从历史学和考古学的视角来研究华夏或中国文明的起源是在中国现代学术建立之初就备受关注的课题。以顾颉刚为代表的“古史辨”学派推翻了夏商周之前的五帝(黄帝、颛顼、帝喾、尧、舜)从《史记·五帝本纪》以来作为信史的地位,从而使中国文明的起源真正成为科学研究的对象。[2]这就是通过考古学之路重建中国上古史的努力。这种努力很快就由从美国留学归来的李济在1926年对山西夏县西阴村的发掘和1928年对河南安阳小屯殷墟的发掘等一系列考古活动所展开。考古学的发掘为中华文明的起源研究提供了丰富的物证,证明在与传说中黄帝时期相对应的新石器时代晚期,长江、黄河流域广大地域分布的不是一种单纯性质的文化,即使仅就中原地区而言,也绝非是一个氏族部落的文化所能包容的,而表现为文化的多元性。用这一事实来观照当时的共同体,可信的结论是当时处于多个族群共同体并存的状态。以此来看古史传说,黄帝只是众多部族之一支的首领,而非所有氏族部落的祖先。[3]诚如顾颉刚先生所说:“自春秋以来,大国攻灭小国,疆界日益扩大,民族日益并合,种族观念渐淡而一统观念渐强,于是许多民族的始祖的传说亦渐归到一条线上,有了先后君臣的关系,《尧典》、《五帝德》、《世本》诸书就因此出来。”[4]

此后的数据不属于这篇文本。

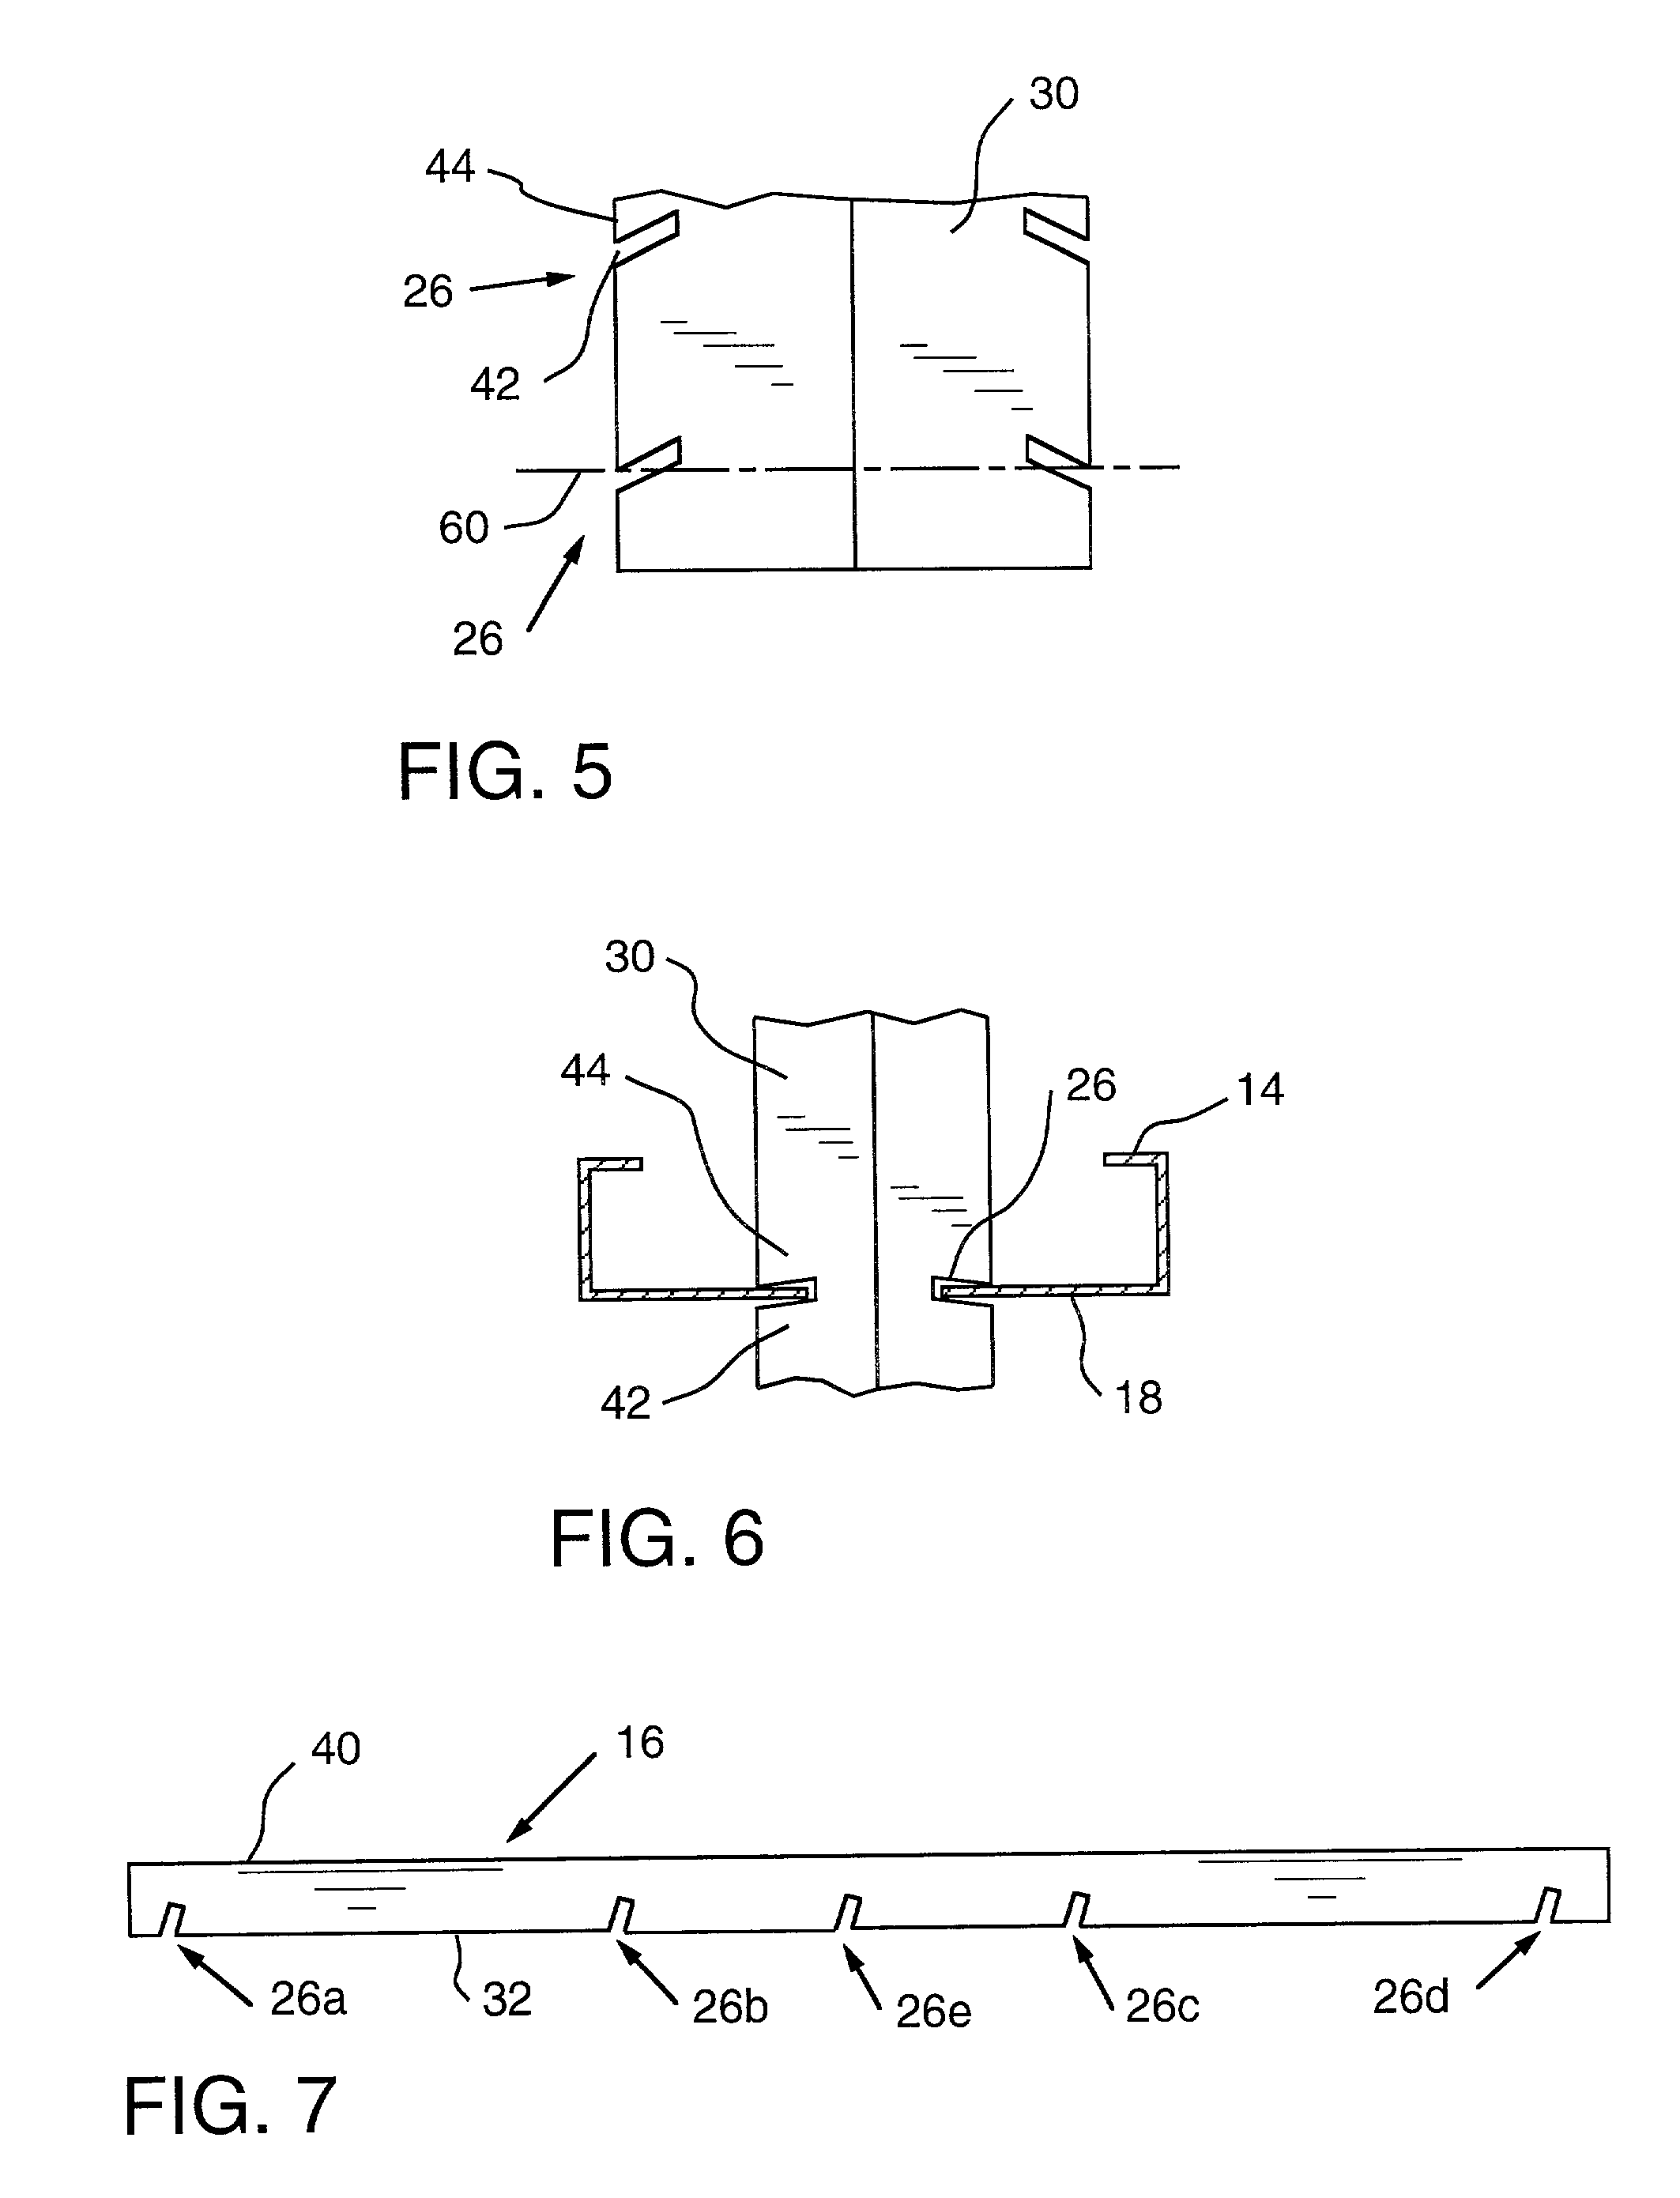 Bridging system for off-module studs

无论国民的共同体意识可能包含多么繁复的内容,时空意识肯定都是其中必不可少的框架。像王朝、国家这样的共同体,通常都是远远大于任何个人的活动范围,通常也远远超过个人人生的时间表,于是人们不得不借助想象才能够意识到它的整体;即使它们是一个新生的共同体,也会把它们的来源追溯到一个过去的时期,或者把它们的使命定位于某个将来,总之是保证共同体的时间超过任何个人的时间。王朝、国家是可以靠武力征战建立的,但是要作为共同体被民众所认知、认同,那一定需要一个文化建构的过程,其中,自然形成或者主动铸造便于民众认知共同体的空间意识和时间意识是最基本的内容。

从时空意识来说,共同体是一种有时间深度的空间。对时间的辨识需要刻度,而对空间的想象需要参照物,这就形成了对于符号和标志的公共需要。所以说,对共同体的文化建构的基本使命就是为成员提供公共的符号、象征,以便他们形成相同的时间意识和空间意识。古史传说以独特的叙事形成了中华文明传之后世的一批专名,它们就发挥着共同体时空想象的符号和参照物的作用。

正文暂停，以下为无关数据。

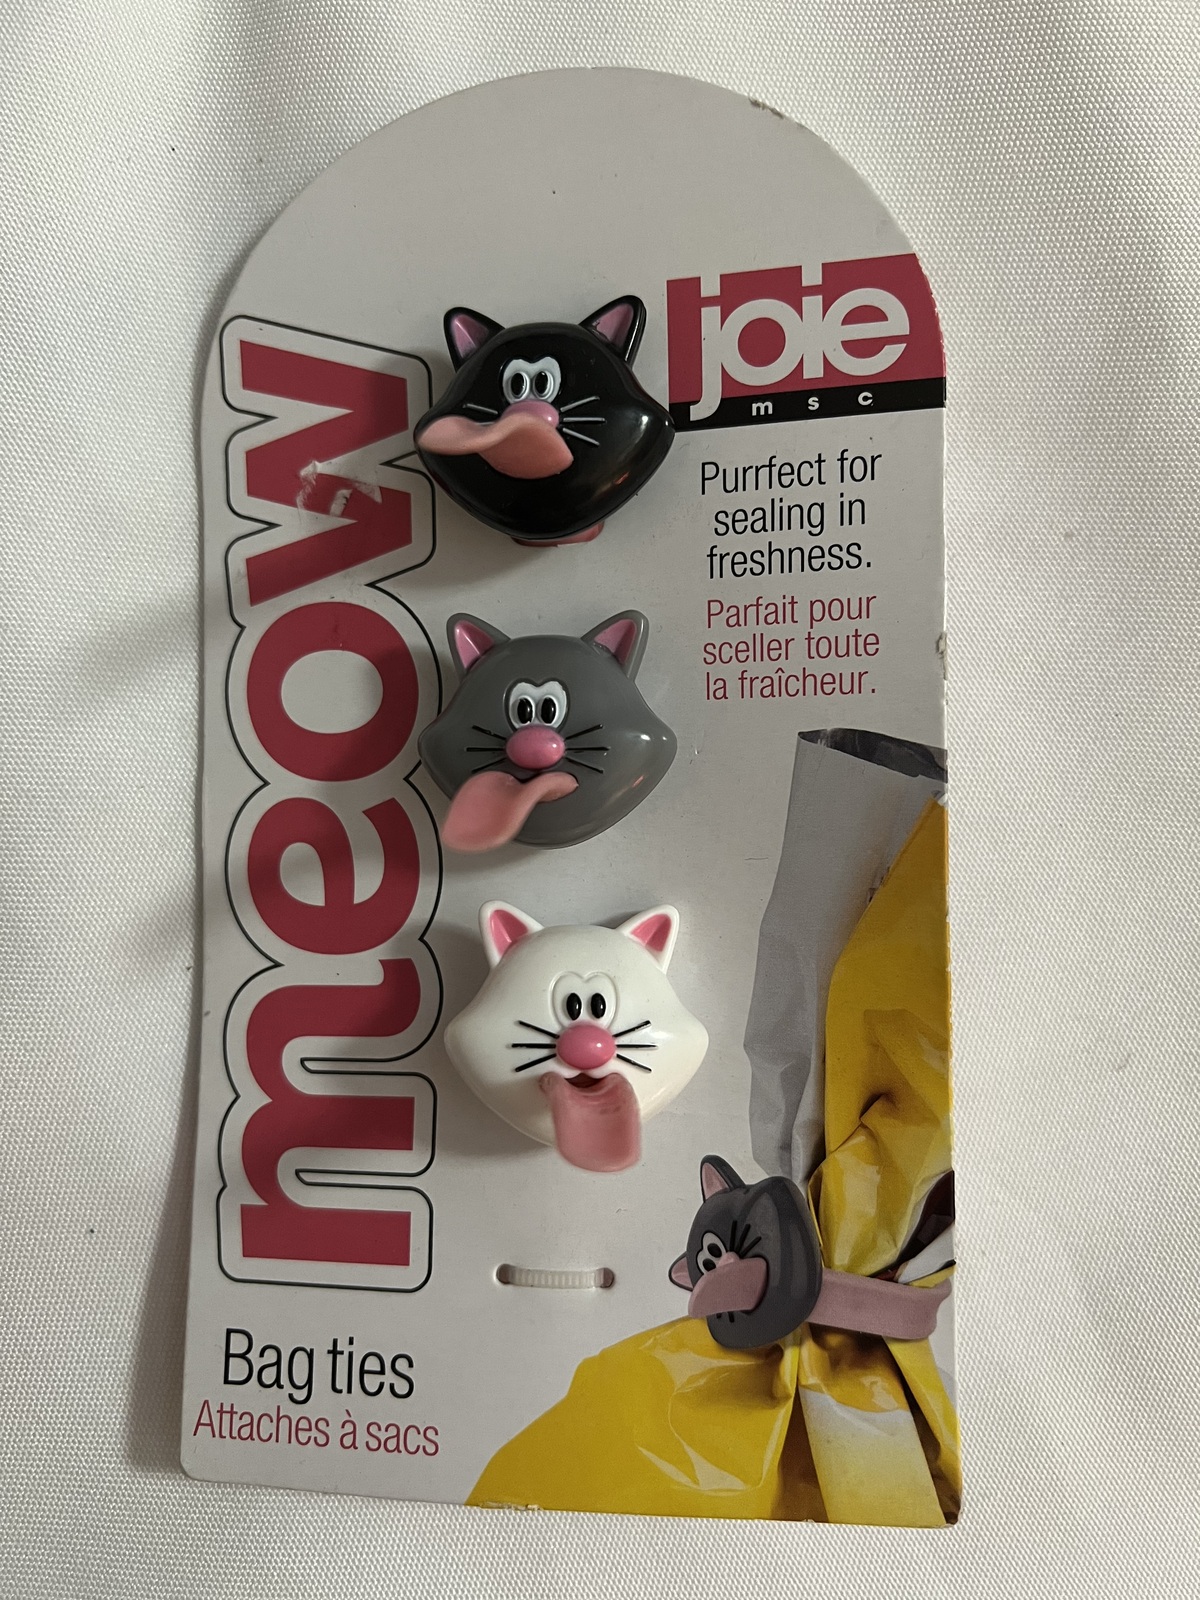 Joie Meow cat Bag Ties Silicone ( Set of 3 ) - $6.00

传说作为一种对于专名的叙事,是一种落实于具体时空但又可以超越具体时空的叙事,对于想象表述大共同体具有十分重要的作用。传说同时又是一种集体性的叙事行为,单个的传说叙述者和聆听者原本是作为个体而存在的,正是由于大家都参与到说与听这个“传”的过程中来,所“说”之事不再是私人性的,而变为公共性的,个体也就通过这样的集体叙事被纳入一地的集体意识之中;如果叙事所传的专名在意义和抽象程度上是超越一地的,个体就自然被纳入整个民族、国家的共同体意识之中。当古史传说之叙事从一个族群传递到另一个族群或代代相传时,一方面,它既把人所经历的直观世界传递下来;另一方面,它又以一系列的专名来构筑一个超越直观经验世界的想象的共同体。考古学研究已经证明,周代之前的漫长历史都是众多较小共同体此起彼伏、竞争与融合并存的过程,而在周代才形成一个以分封制来统领广大地域的超级共同体,并逐渐大浪淘沙,把文明发生的叙事集中在较少的一些专名身上,后世之人对这个结果进行整理,才形成五帝及其世系的叙事体系,也为我们今天整理中华文明早期的共同体意识留下了宝贵的资料。

三、传说专名:想象共同时空的文化参照系

共同体是一个人居的空间,这个空间在物理上寄居于自然空间,但是又需要与自然状态相区隔,因此,它要把自然世界转化为人文世界。即使是当古史传说讲述前人文状态的时候,讲述的意义也在于凸显讲述者在当下已经处于一个怎样的人文状态。综观整个先秦时期的传说,不难发现,其中体现出来的是一个由自然向人文转变的世界。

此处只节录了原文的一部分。